Ellis: I simply disagree with that
position. Jurisprudence in international tribunals, not just at the
ICTY but at others, are clear in this. Inflammatory speech can
incite individuals to commit crimes -- and that's exactly what
happened here, in this case. Volunteers were being sent to the
front. These volunteers went on to commit murder. They went on to
displace families because of their ethnicity.
An individual may not be directly
responsible for that murder or displacement, but certainly was
involved with inciting or aiding and abetting. This is absolutely
what the prosecutor had argued for. And I think that there was, in
my opinion, evidence to support that. The majority of the court felt
no. But to suggest that political incitement through inflammatory
speech would not be relevant in these types of trials, I don't think
is true.
RFE/RL: Considering Seselj's
inflammatory calls during the early 1990s for the creation of a
"Greater Serbia" at the expense of other ethnicities in the Balkans,
are you surprised that the ICTY has acquitted Seselj?
Ellis: I was surprised that the court
limited itself to this type of analysis and didn't follow the
jurisprudence of the tribunal that, I think, would have been able to
connect this political goal of a Greater Serbia as part of a joint
criminal enterprise that existed -- and that existed in order to
conduct these criminal acts. It was all part of this kind of joint
enterprise that had -- at its heart, at its core -- this goal of
creating a Greater Serbia.
To suggest that that really is not
relevant to criminal acts that occurred, I simply think is wrong. I
think the appeals court -- I'm hoping the appeals court -- would see
it that way and reverse that decision.
RFE/RL: What were some of the
problems faced by the ICTY prosecutors that led the judges to
conclude they failed to present enough evidence to prove a direct
link between Seselj's nationalist speeches and the crimes committed
by paramilitary volunteers?
Ellis: The prosecutor relied on a number
of witnesses and reliance on those witnesses simply fell apart later
on. Witnesses started to recant their testimony and their
willingness to participate in this proceeding. This has been one of
the major problems in these trials.
When witnesses are intimidated,
witnesses begin to feel that they can simply not continue to be part
of the process because they are living in the exact territory where
the crimes were committed and the pressure is quite significant on
them.
RFE/RL: What about the appeals
process? Would that be a lengthy process? Or is the judicial process
finally nearing its end after more than 13 years?
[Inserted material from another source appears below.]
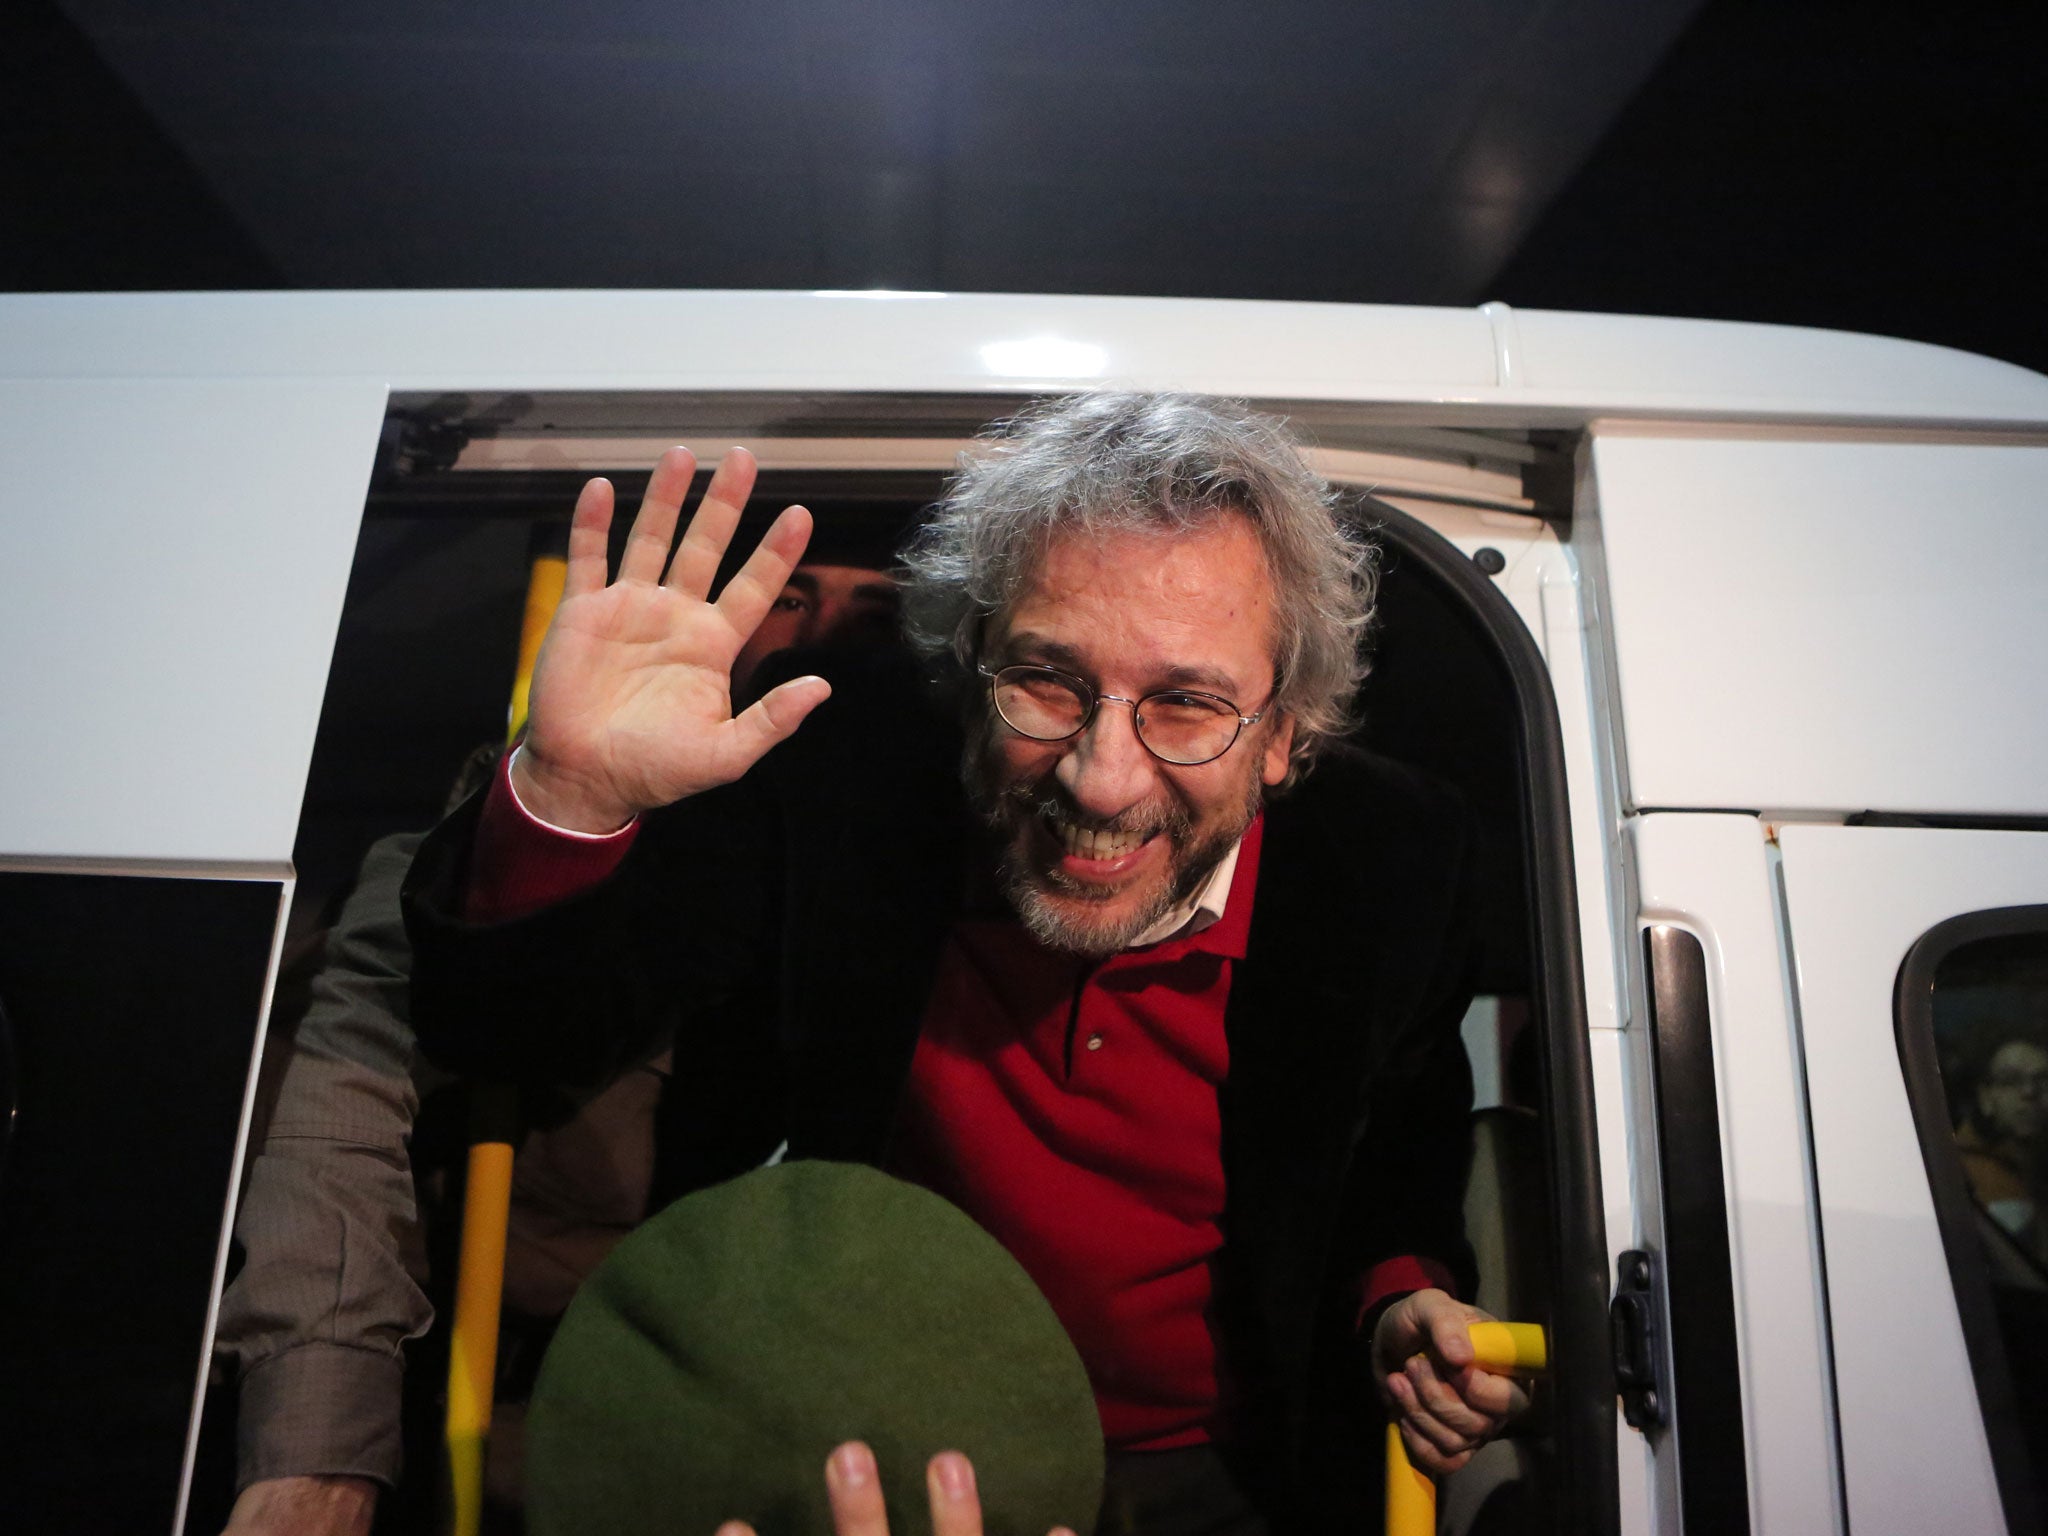 President Erdoğan has criticised Turkey's top court for releasing journalist Can Dündar, who has been charged with attempting to overthrow the government

Ellis: It will stretch out now because,
as we know, the tribunal has in essence ended its mandate. But there
is this mechanism that has been created to allow this process to
continue -- including the appeals process. There should absolutely
be an appeals process on this. The prosecutor would have 30 days to
make note of whether or not he will appeal. Then he will have an
additional 90 days to make his case. And then the appeals process
will start.
So it's not going to be a 10-year
period, because that involves the trial process with all the
witnesses. Everything. The appeals process is whether there was an
error in fact or an error in law. That's what the appeals court will
review. And I think there is evidence here to suggest that there was
error on both -- that the trial chamber erred on both the
interpretation of the law and the interpretation of the facts.